Now we'll solve this linear system using the elimination method. We have equation 1: 2u plus 3v equals 7, and equation 2: u minus 4v equals negative 1. To eliminate u, we multiply equation 2 by 2, giving us 2u minus 8v equals negative 2. Now we subtract this new equation from equation 1. This gives us 11v equals 9, so v equals 9 over 11.
Now we substitute v equals 9 over 11 back into equation 2. We get u minus 4 times 9 over 11 equals negative 1. This simplifies to u minus 36 over 11 equals negative 1. Solving for u, we get u equals negative 1 plus 36 over 11, which equals 25 over 11. Now we convert back to x and y. Since u equals 1 over x, we have x equals 11 over 25. Since v equals 1 over y, we have y equals 11 over 9.

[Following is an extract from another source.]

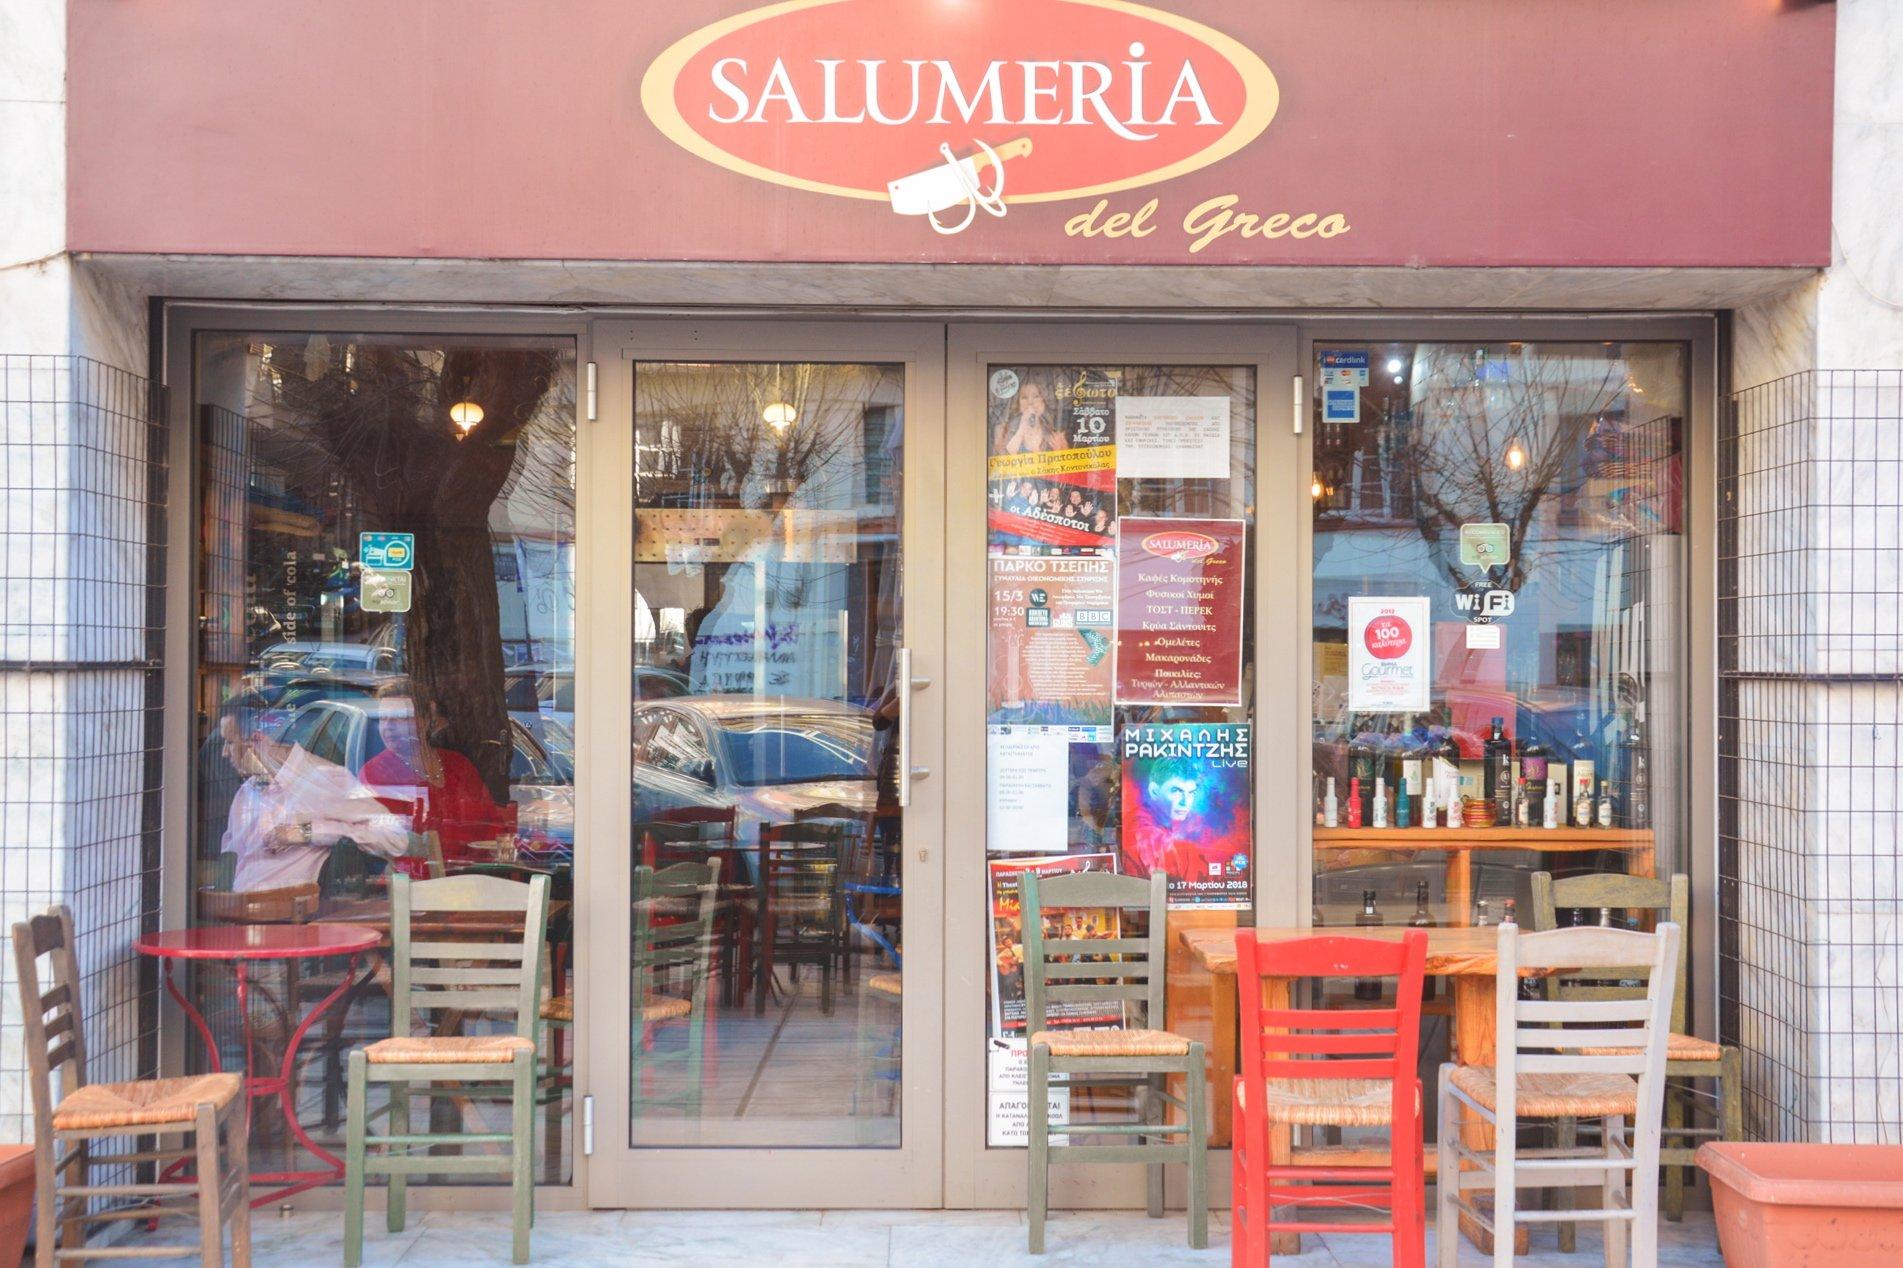 Salumeria tavern in Roman Agora Thessaloniki

Let's verify our solution. We found x equals 11 over 25 and y equals 11 over 9. For equation 1, we substitute: 2 over x plus 3 over y becomes 2 times 25 over 11 plus 3 times 9 over 11, which equals 50 over 11 plus 27 over 11, giving us 77 over 11, which equals 7. This checks out. For equation 2, we get 25 over 11 minus 36 over 11, which equals negative 11 over 11, or negative 1. Both equations are satisfied, confirming our solution is correct.
We have successfully solved the system of equations. Our final answer is x equals 11 over 25 and y equals 11 over 9. To summarize our method: we used substitution to transform the fractional equations into a linear system, applied the elimination method to solve for the new variables, then converted back to find x and y. We verified our solution by substituting back into the original equations. In decimal form, x is approximately 0.44 and y is approximately 1.22. This substitution technique is very useful for solving systems with fractions or other complex expressions.